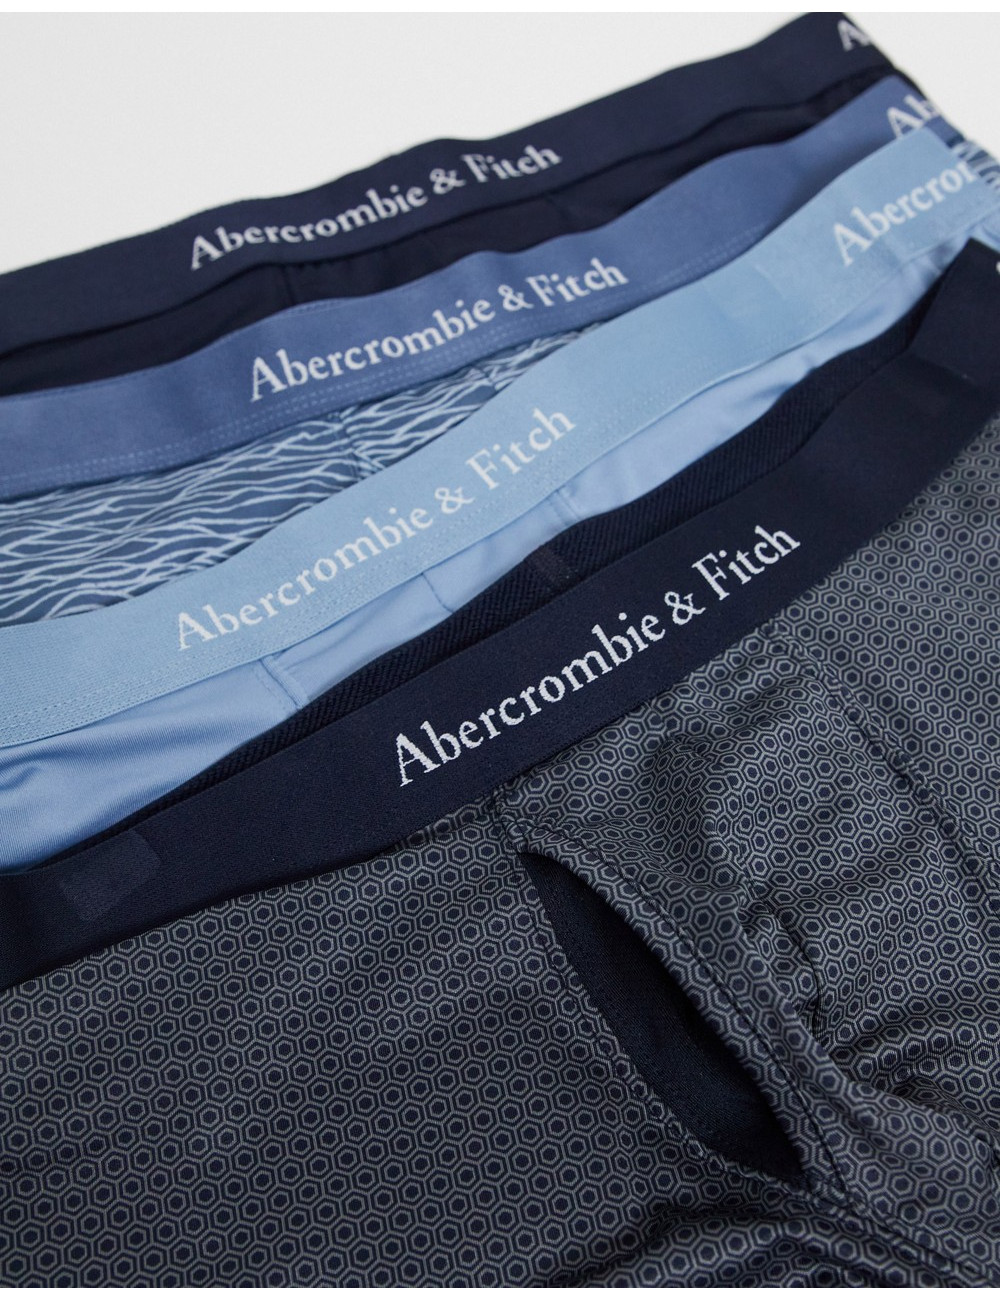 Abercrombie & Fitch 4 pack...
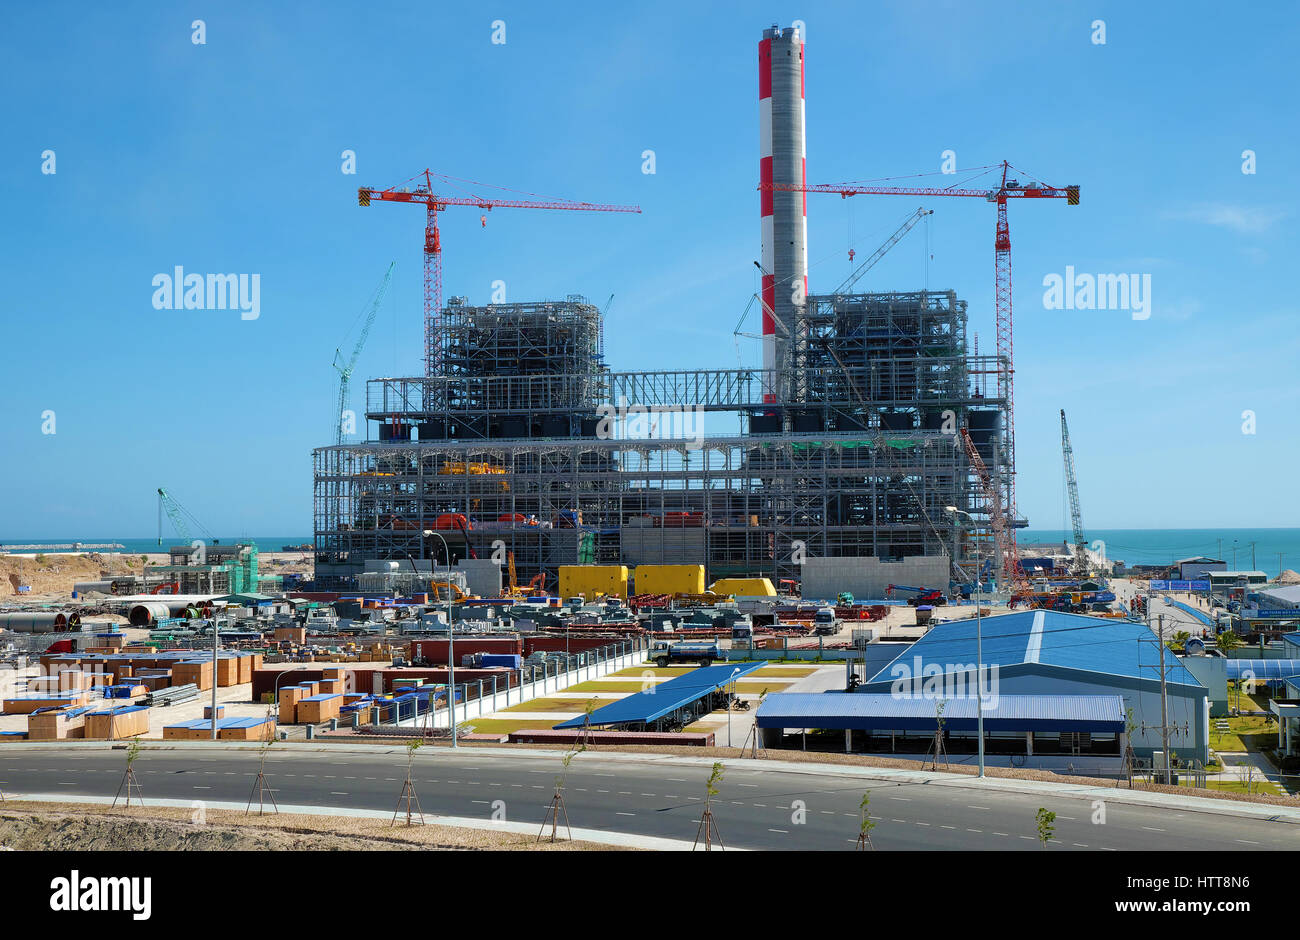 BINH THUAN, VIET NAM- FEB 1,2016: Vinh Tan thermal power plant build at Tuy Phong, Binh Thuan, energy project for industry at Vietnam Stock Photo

####################

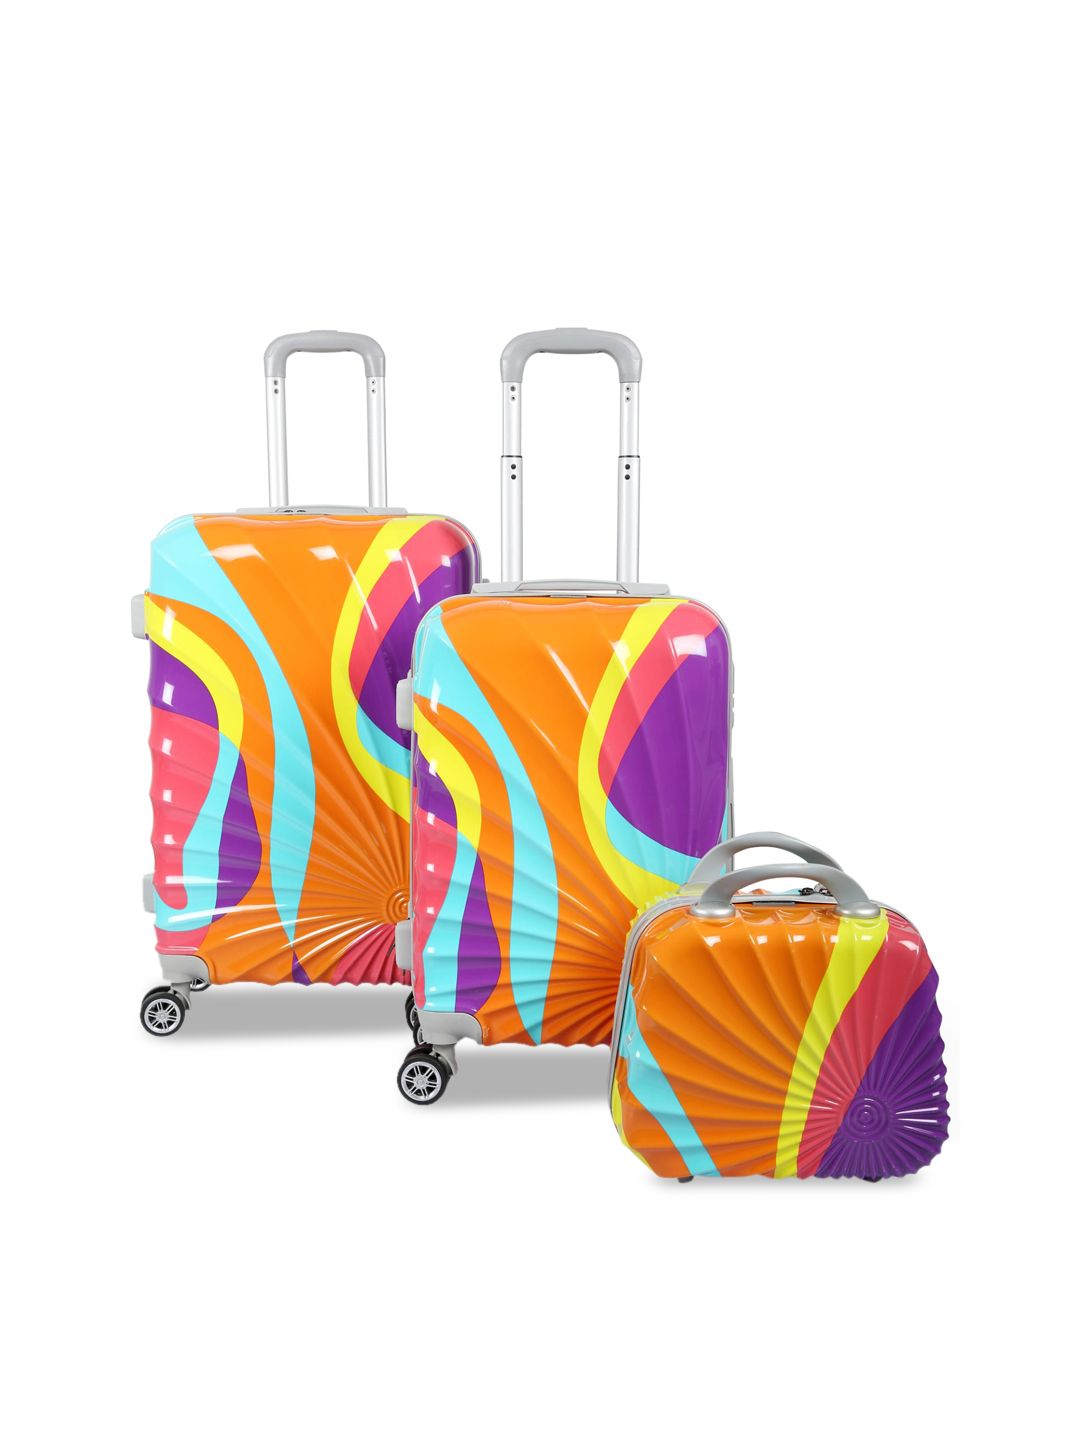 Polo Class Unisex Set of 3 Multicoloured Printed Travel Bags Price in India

####################

Task objective: Leave out every picture, and copy exactly the lines above starting at the one holding "Abercrombie & Fitch 4 pack..." and ending at the one holding "BINH THUAN, VIET", no more and no less.

Your response:
 Abercrombie & Fitch 4 pack...
 BINH THUAN, VIET NAM- FEB 1,2016: Vinh Tan thermal power plant build at Tuy Phong, Binh Thuan, energy project for industry at Vietnam Stock Photo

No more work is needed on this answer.